When you pass stream: true to any generation function, it returns an async iterable of StreamChunk events instead of a plain result:
1. RUN_STARTED → Client sets status to 'generating'
2. CUSTOM → Client receives the result
name: 'generation:result'
value: <your result>
3. RUN_FINISHED → Client sets status to 'success'
If the function throws, a RUN_ERROR event is emitted instead:
1. RUN_STARTED → Client sets status to 'generating'
2. RUN_ERROR → Client sets error + status to 'error'
error: { message: '...' }
This is the same event protocol used by chat streaming, so the same transport layer (toServerSentEventsResponse, fetchServerSentEvents) works for both.
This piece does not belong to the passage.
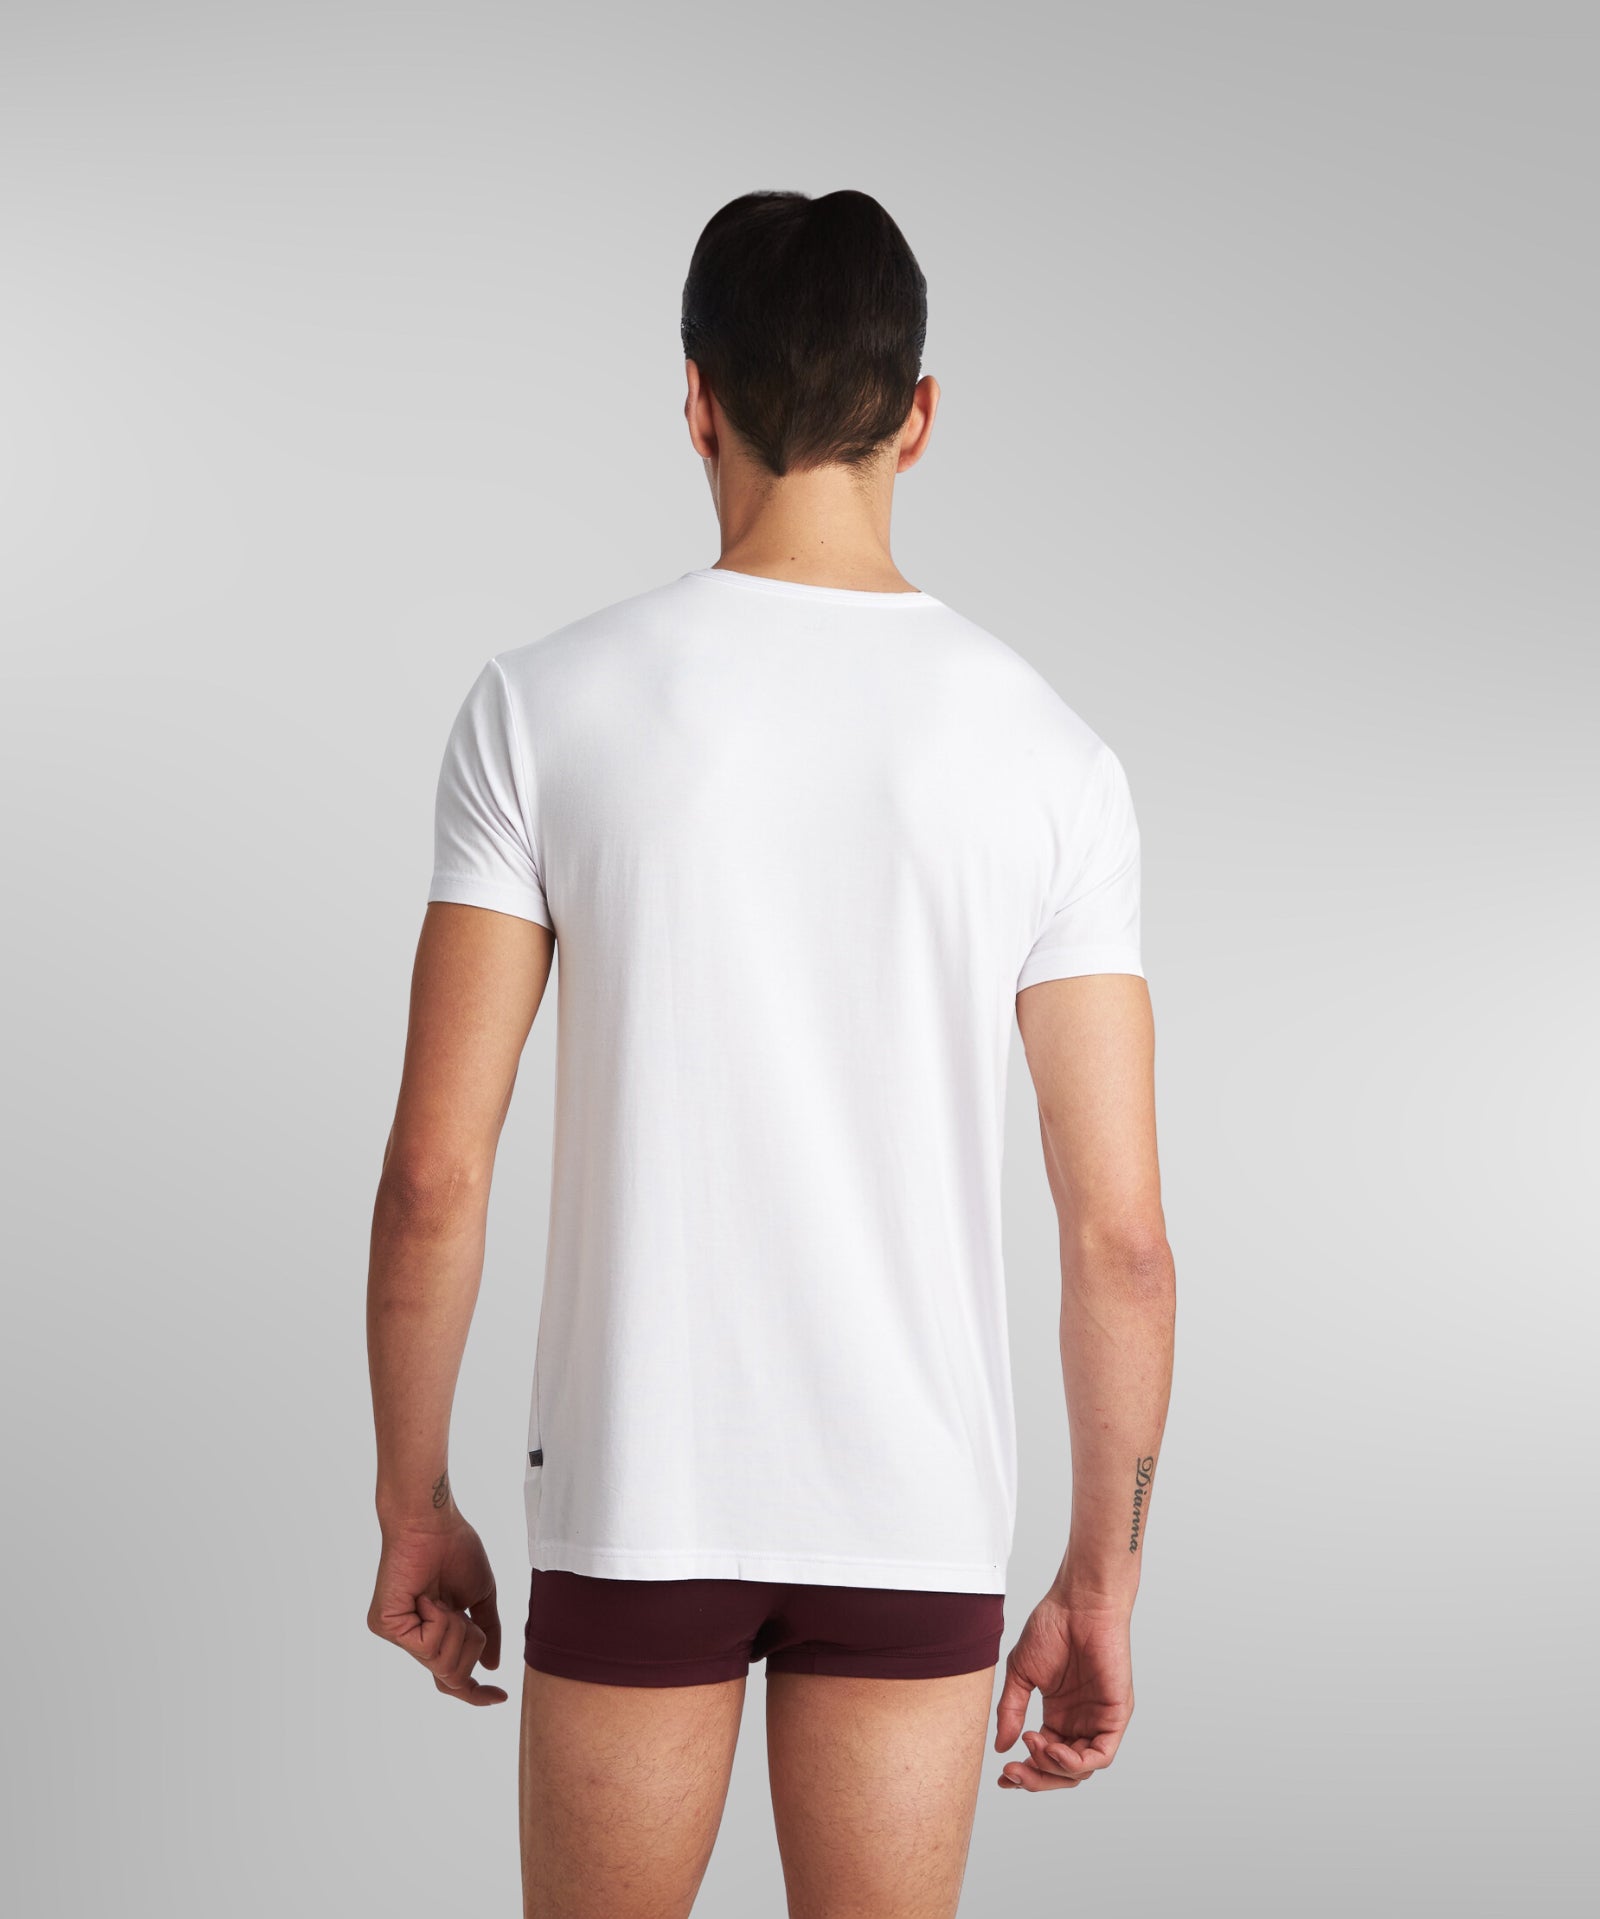 SilkCut V-Neck Men Undershirt in white

All generation hooks share the same interface:
| Option | Type | Description |
|---|---|---|
| connection | ConnectionAdapter | Streaming transport (SSE, HTTP stream, custom) |
| fetcher | (input) => Promise<Result | Response> | Direct async function, or server function returning an SSE Response |
| id | string | Unique identifier for this instance |
| body | Record<string, any> | Additional body parameters (connection mode) |
| onResult | (result) => T | null | void | Transform or react to the result |
| onError | (error) => void | Error callback |
| onProgress | (progress, message?) => void | Progress updates (0-100) |
| Return | Type | Description |
|---|---|---|
| generate | (input) => Promise<void> | Trigger generation |
| result | T | null | The result (optionally transformed), or null |
| isLoading | boolean | Whether generation is in progress |
| error | Error | undefined | Current error, if any |
| status | GenerationClientState | 'idle' | 'generating' | 'success' | 'error' |
| stop | () => void | Abort the current generation |
| reset | () => void | Clear all state, return to idle |
The onResult callback can optionally transform the stored result:
TypeScript automatically infers the result type from your onResult return value — no explicit generic parameter needed.
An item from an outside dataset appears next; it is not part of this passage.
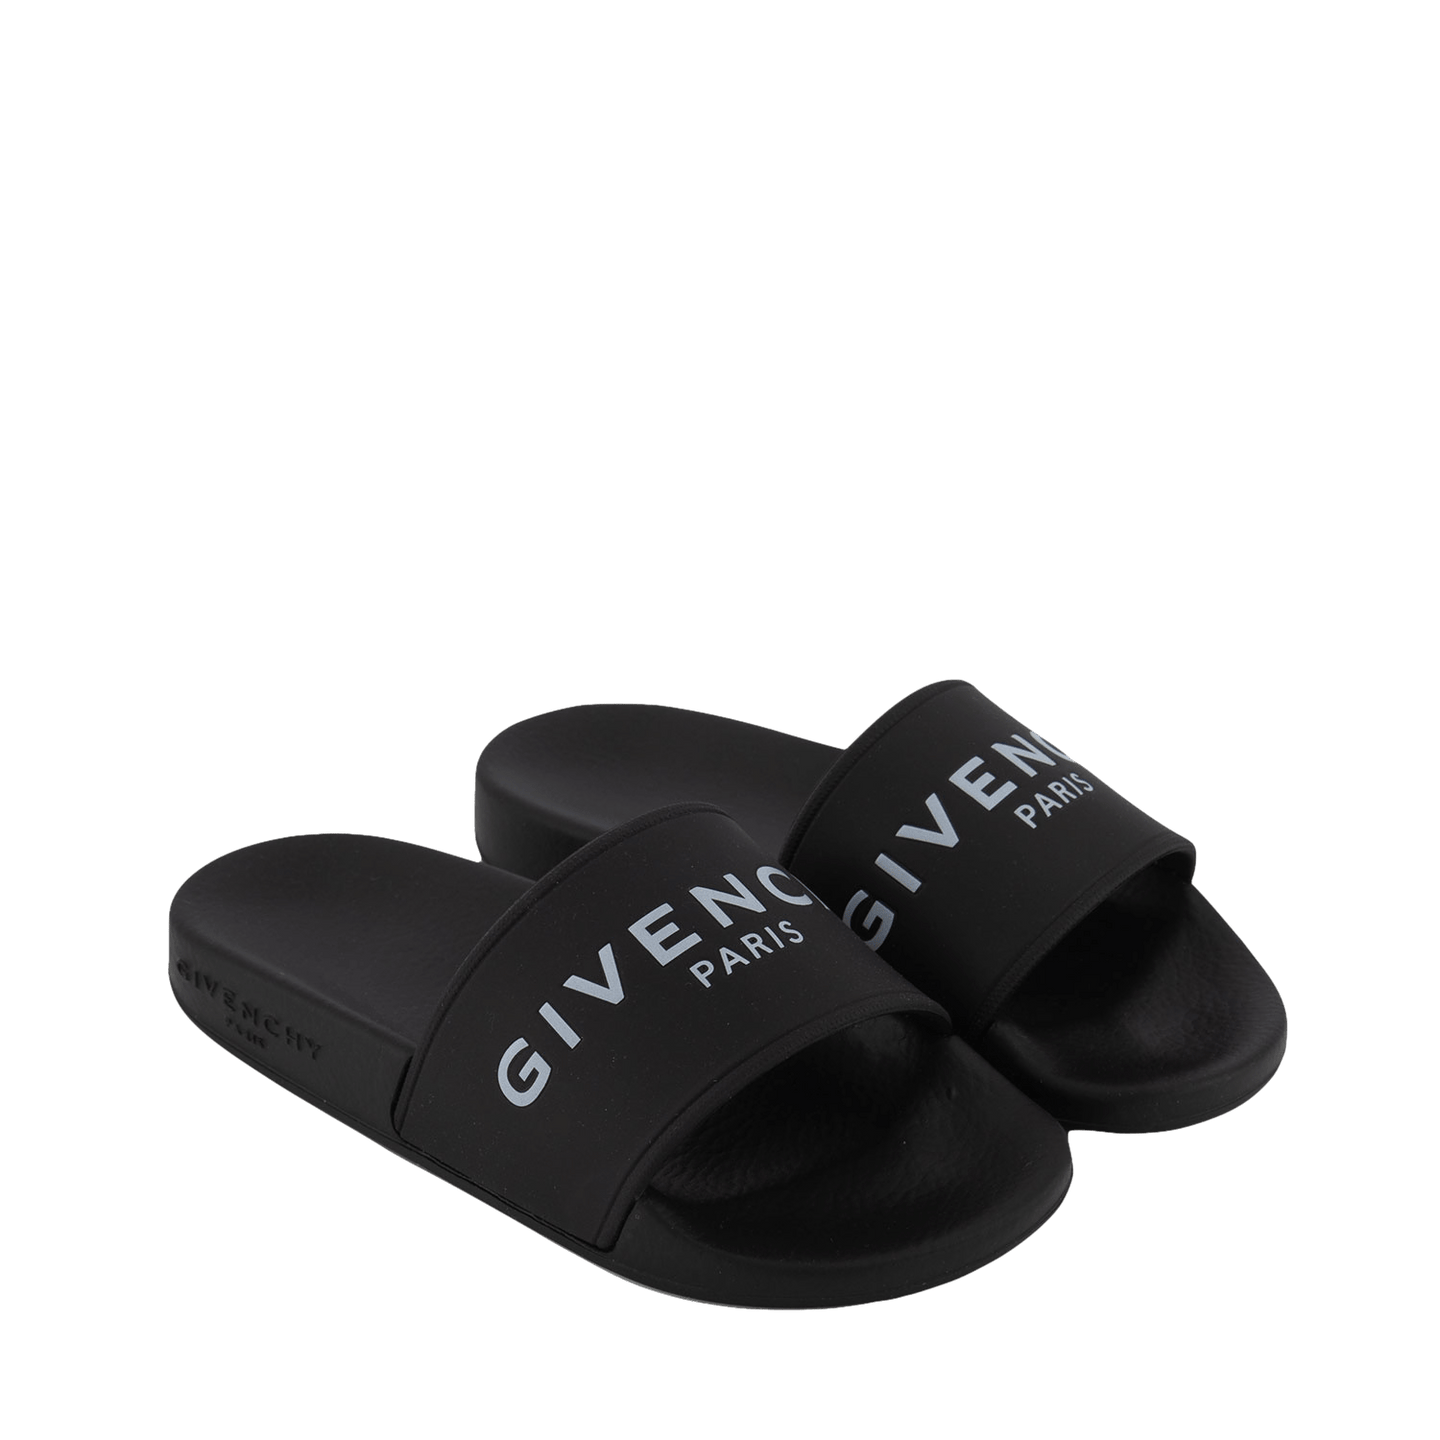 Givenchy Kids Unisex Flip-Flops Black

const { result } = useGenerateSpeech({
connection: fetchServerSentEvents('/api/generate/speech'),
onResult: (raw) => ({
audioUrl: `data:${raw.contentType};base64,${raw.audio}`,
duration: raw.duration,
}),
})
// result is typed as { audioUrl: string; duration?: number } | null
| Activity | Server Function | Client Hook (React) | Guide |
|---|---|---|---|
| Image generation | generateImage() | useGenerateImage() | Image Generation |
| Text-to-speech | generateSpeech() | useGenerateSpeech() | Text-to-Speech |
| Transcription | generateTranscription() | useTranscription() | Transcription |
| Summarization | summarize() | useSummarize() | - |
| Video generation | generateVideo() | useGenerateVideo() | Video Generation |
Note: Video generation uses a jobs/polling architecture. The useGenerateVideo hook additionally exposes jobId, videoStatus, onJobCreated, and onStatusUpdate for tracking the polling lifecycle. See the Video Generation guide for details.